Hot Steel; Cold Ice: A 36.0 g block of ice sits at −50.0 °C under 1.00 atm constant pressure in a perfectly insulated container. A 225 g mass of stainless steel at 125 °C is dropped onto the ice, and the system is closed. When the system reaches thermal equilibrium, ice remains.

Question

Hot Steel; Cold Ice: A 36.0 g block of ice sits at −50.0 °C under 1.00 atm constant pressure in a perfectly insulated container. A 225 g mass of stainless steel at 125 °C is dropped onto the ice, and the system is closed. When the system reaches thermal equilibrium, ice remains.

What is the value of q_steel? Enter your answer in Celsius using no decimal places?

Answer 1

How about sharing the specific heat of ice and that of stainless steel with us?

Answer 2

delta H fus (H2o) = 333 j/g

delta H vap (H2o) = 2260 J/g
Cp (steel) = 0.500 J g^-1°C^-1
S(H2o(s)) = 2.11 J g^-1 °C^-1
S (H2o(f)) =4.18J g^-1 °C^-1
S (H2o(g)) = 2.00 J g^-1 °C^-1

Answer 3

Dr. Bob help me :(((

Answer 4

I'm confused with q_steel.
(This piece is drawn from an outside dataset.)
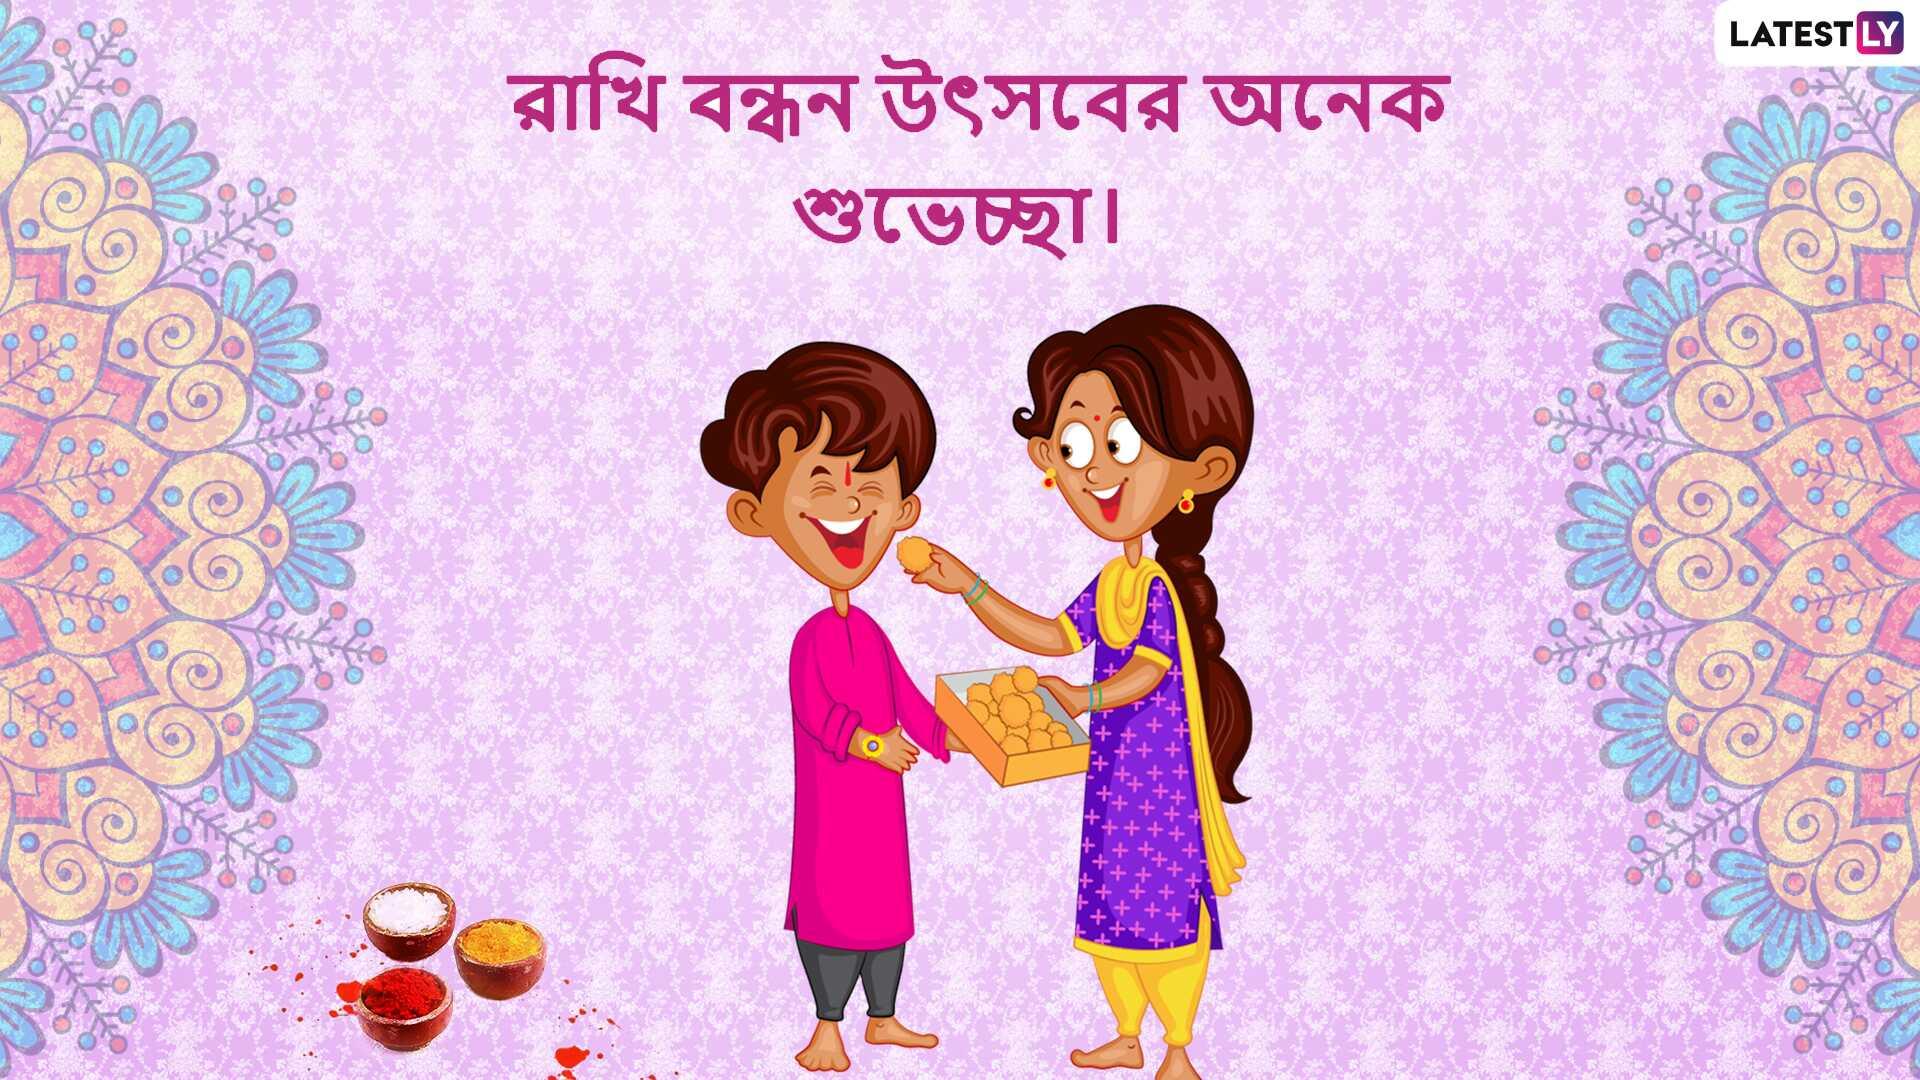 Raksha Bandhan 2021 Wishes: রাখি বন্ধন উৎসবে বাড়িতে বসেই  ভাই বোনেদের facebook, Whatsapp- এ শেয়ার করুন এই শুভেচ্ছা বার্তা

I would think q stands for joules of heat but in degrees C?

Clarify the question please.

Answer 5

To determine the value of q_steel, we need to calculate the heat transfer in the steel as it cools down to reach the thermal equilibrium with the ice.
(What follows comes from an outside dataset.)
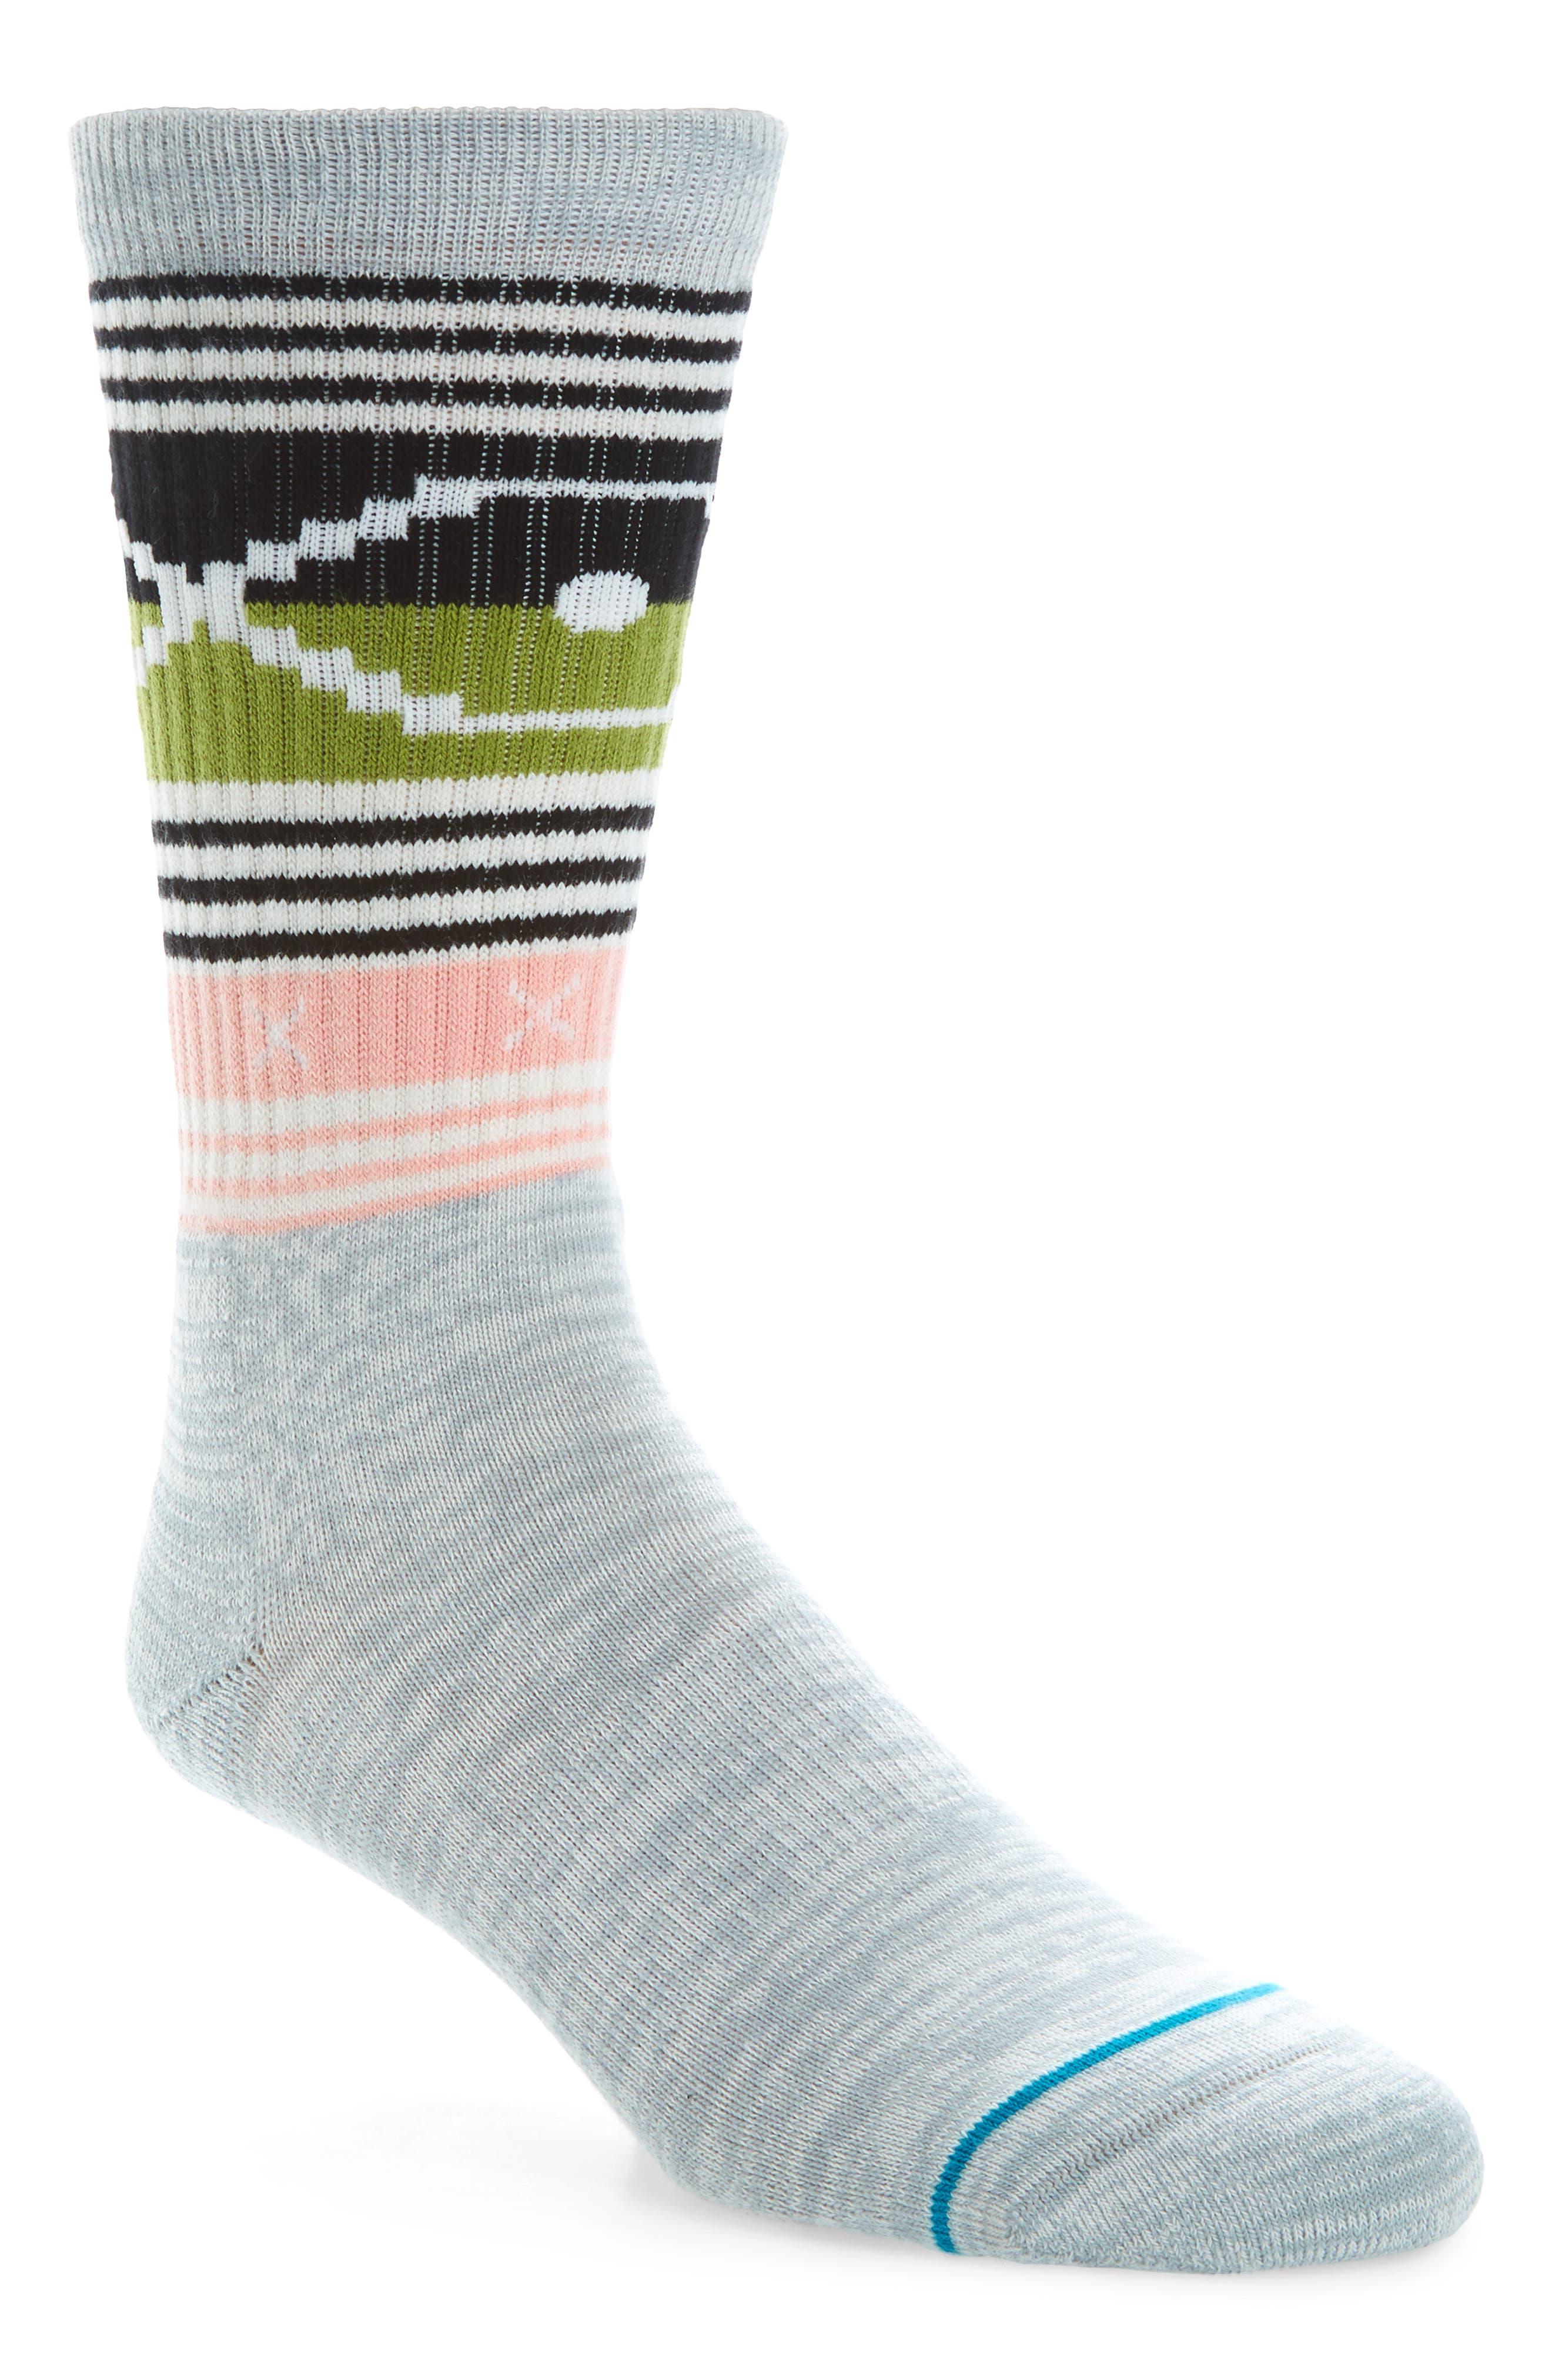 Harries Crew Socks,                             Main thumbnail 1, color,                             Grey

The heat transfer can be calculated using the equation:

q = m * c * ΔT

where:
q represents the heat transfer
m represents the mass of the object
c represents the specific heat capacity of the material
ΔT represents the change in temperature

First, let's calculate the change in temperature of the steel. The initial temperature of the steel is 125 °C, and it reaches the thermal equilibrium with the ice, which is at -50.0 °C. Therefore, the change in temperature is:

ΔT = final temperature - initial temperature
ΔT = (-50.0 °C) - (125 °C)
ΔT = -175 °C

Next, we need to determine the specific heat capacity of stainless steel. The specific heat capacity of stainless steel is approximately 0.51 J/g°C.

Now, we can calculate the heat transfer in the steel:

q_steel = m * c * ΔT
q_steel = (225 g) * (0.51 J/g°C) * (-175 °C)

Calculating this expression gives us the value of q_steel in joules (J). However, the question asks for the answer in Celsius (°C). To convert the joules to Celsius, we need to convert it to calories by dividing the value by 4.18 (1 calorie = 4.18 joules):

q_steel = (225 g) * (0.51 J/g°C) * (-175 °C) / 4.18

Now, we can evaluate this expression to find the value of q_steel in calories (cal).

Please note that in this particular question, the mass of the steel is provided in grams, and the specific heat capacity is given in joules, but the answer is requested in Celsius. To follow the units provided in the question and maintain consistency, the calculation is performed as explained above. However, for accurate calculations, it is recommended to convert all units to one system (e.g., grams and joules).